→ **WORK REQUIRED**
With the images removed, return every line below exactly as it reads.

→ **DATA SHOWN**
Segment Open
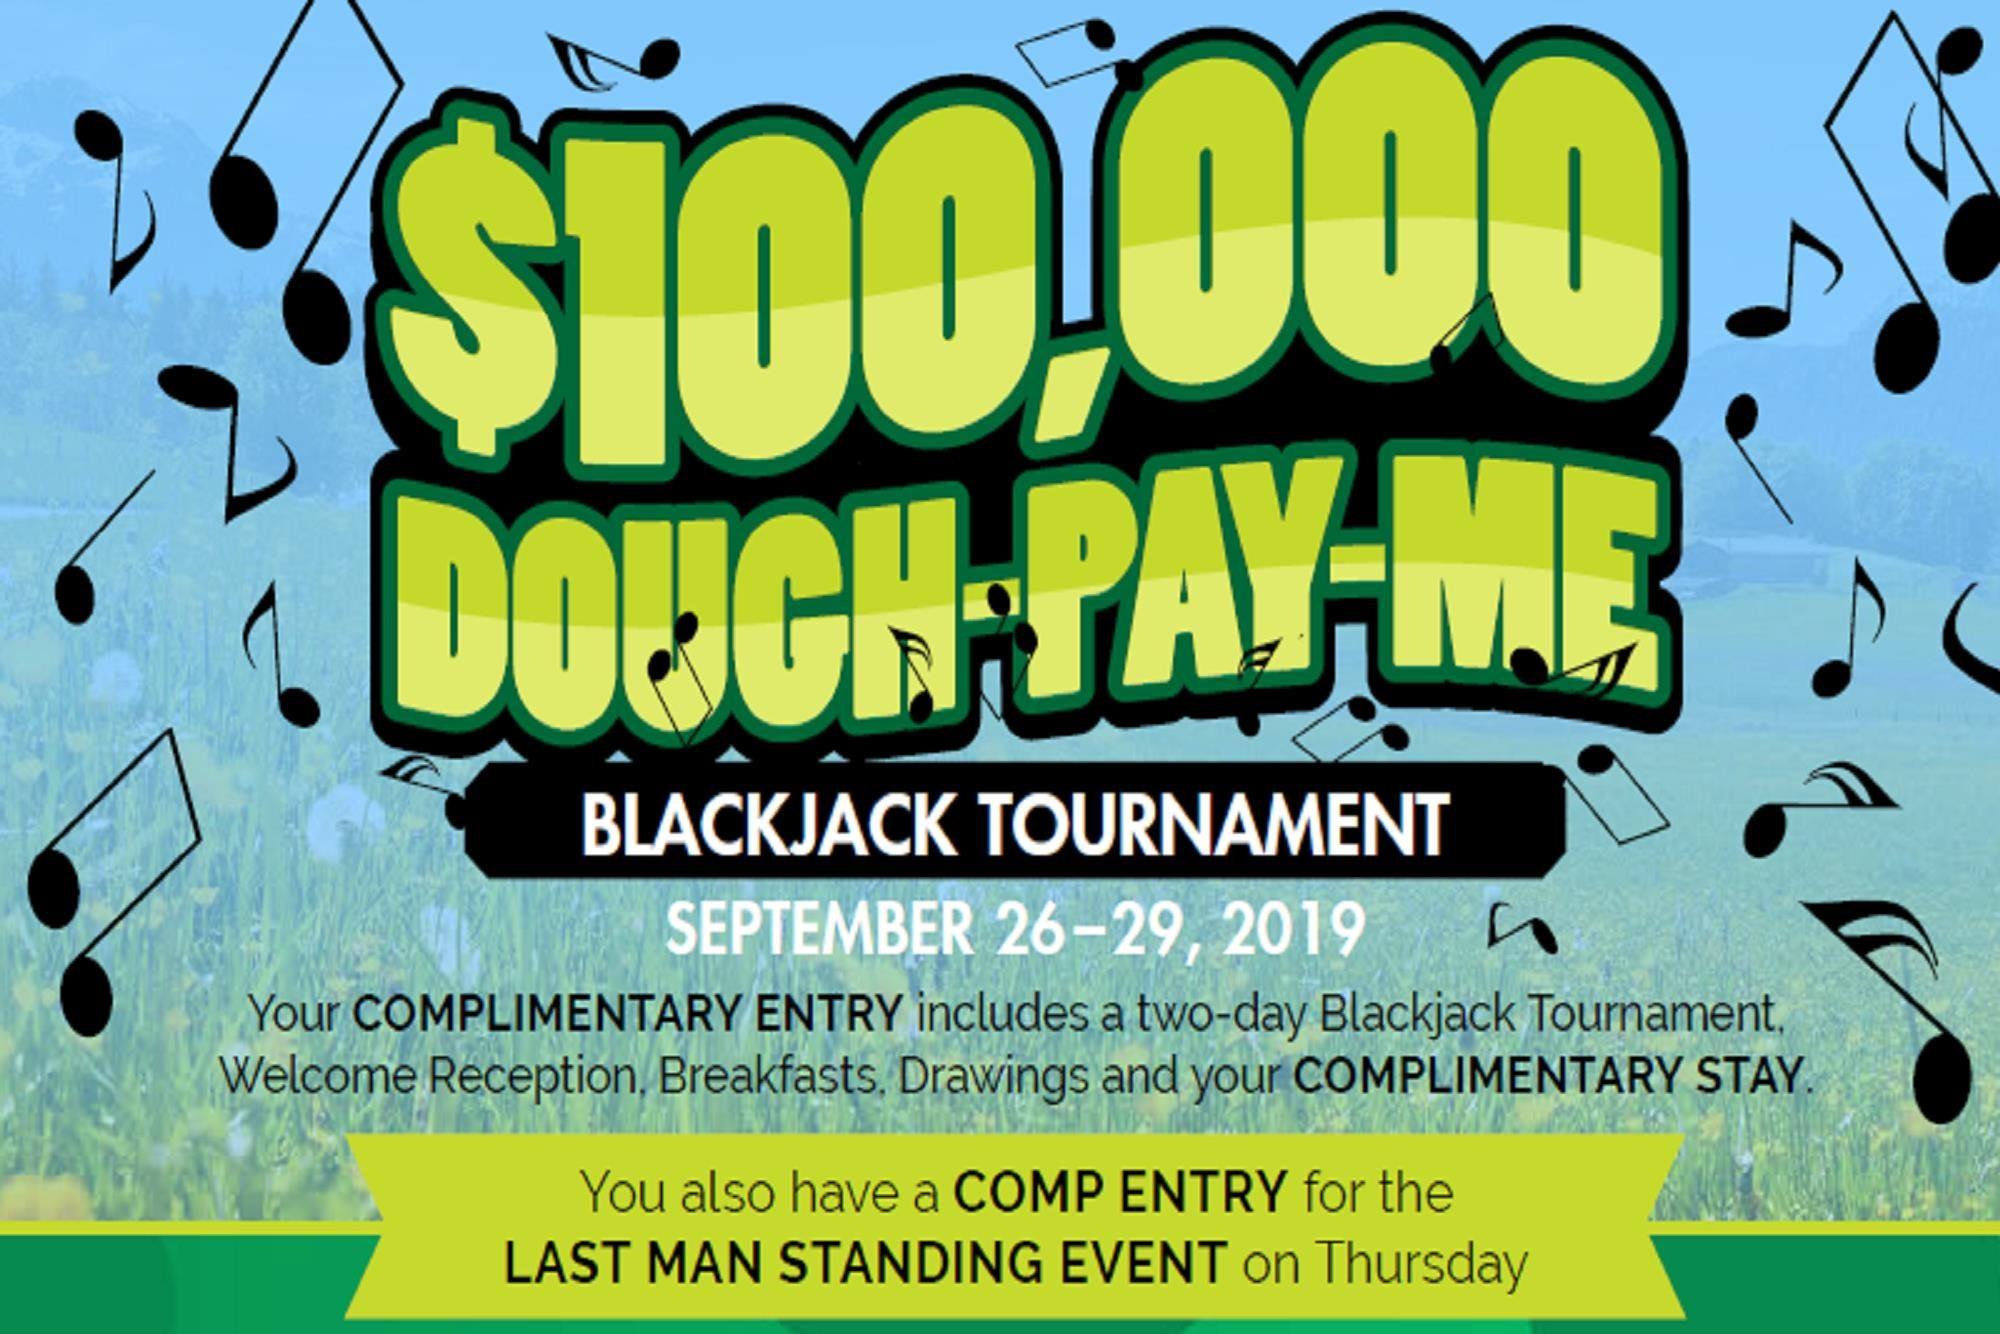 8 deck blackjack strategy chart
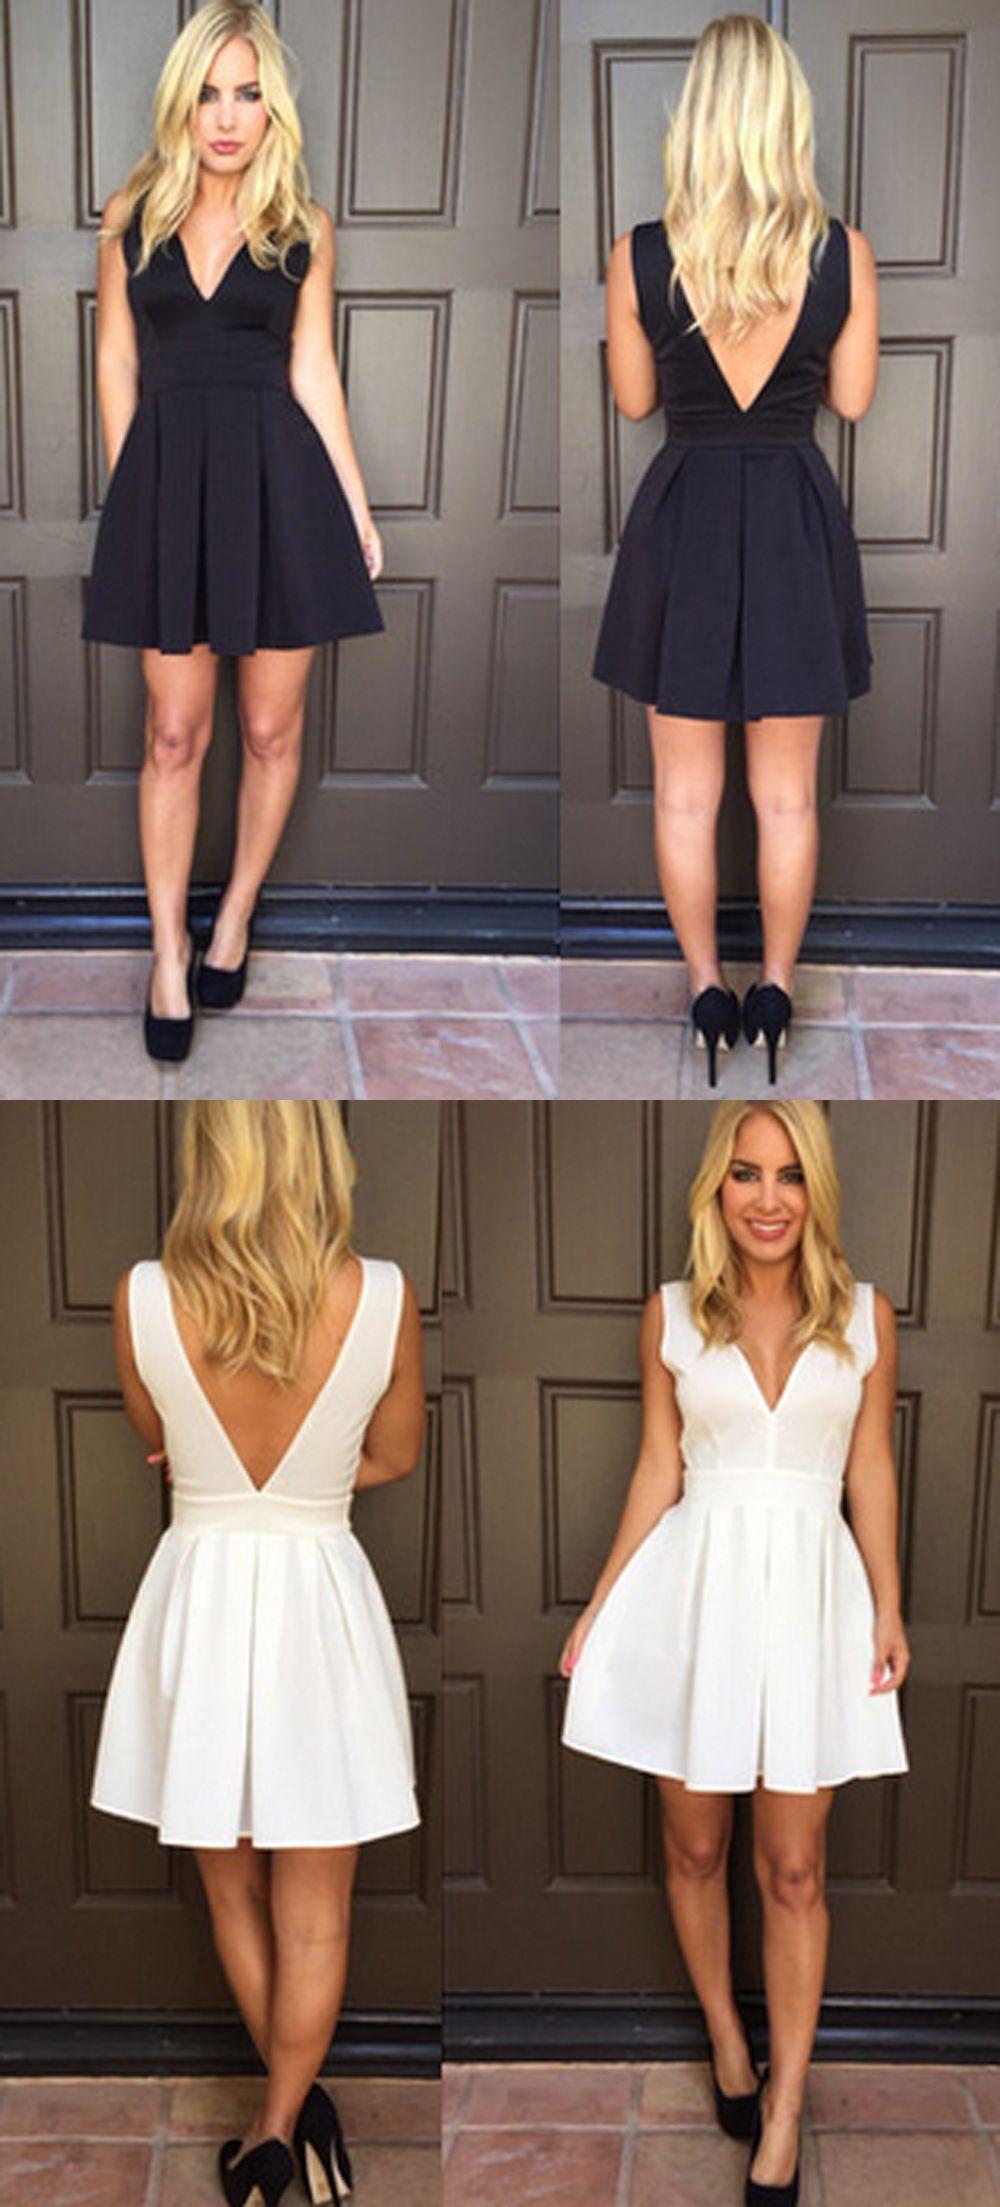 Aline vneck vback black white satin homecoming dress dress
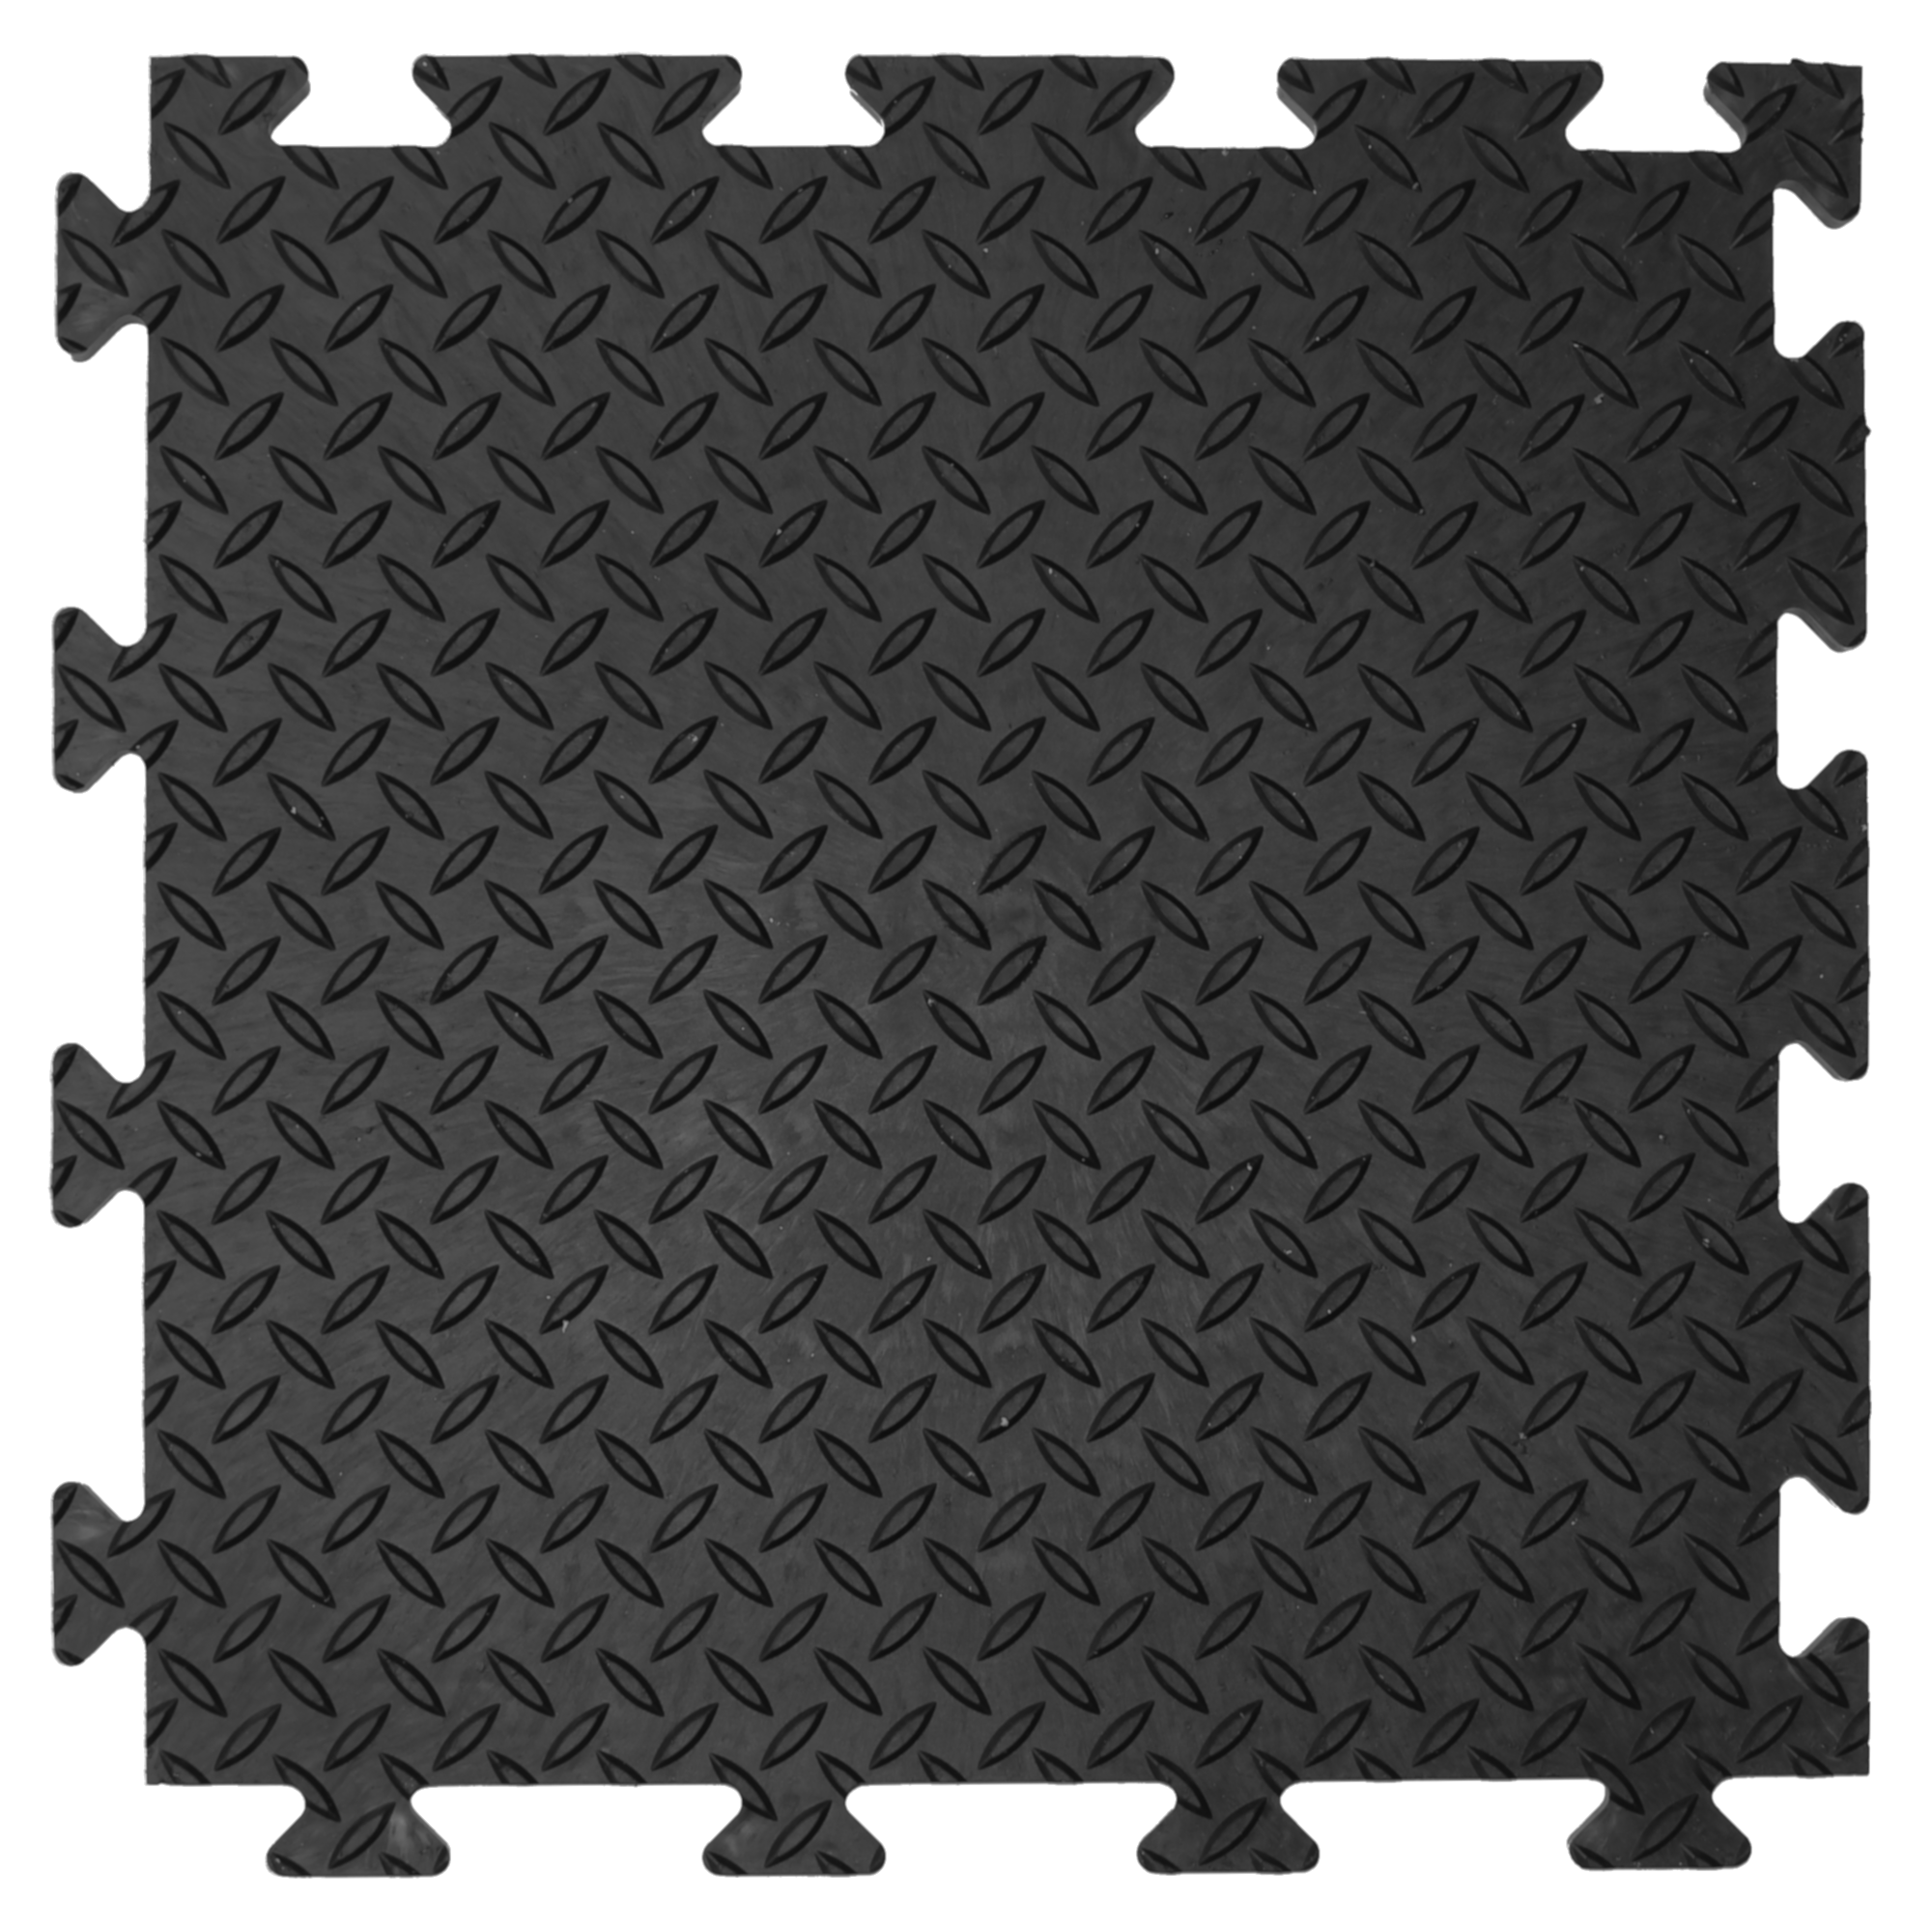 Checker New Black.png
Segment Closed
→ **RESULT OF THE EXERCISE**
 8 deck blackjack strategy chart
 Aline vneck vback black white satin homecoming dress dress
 Checker New Black.png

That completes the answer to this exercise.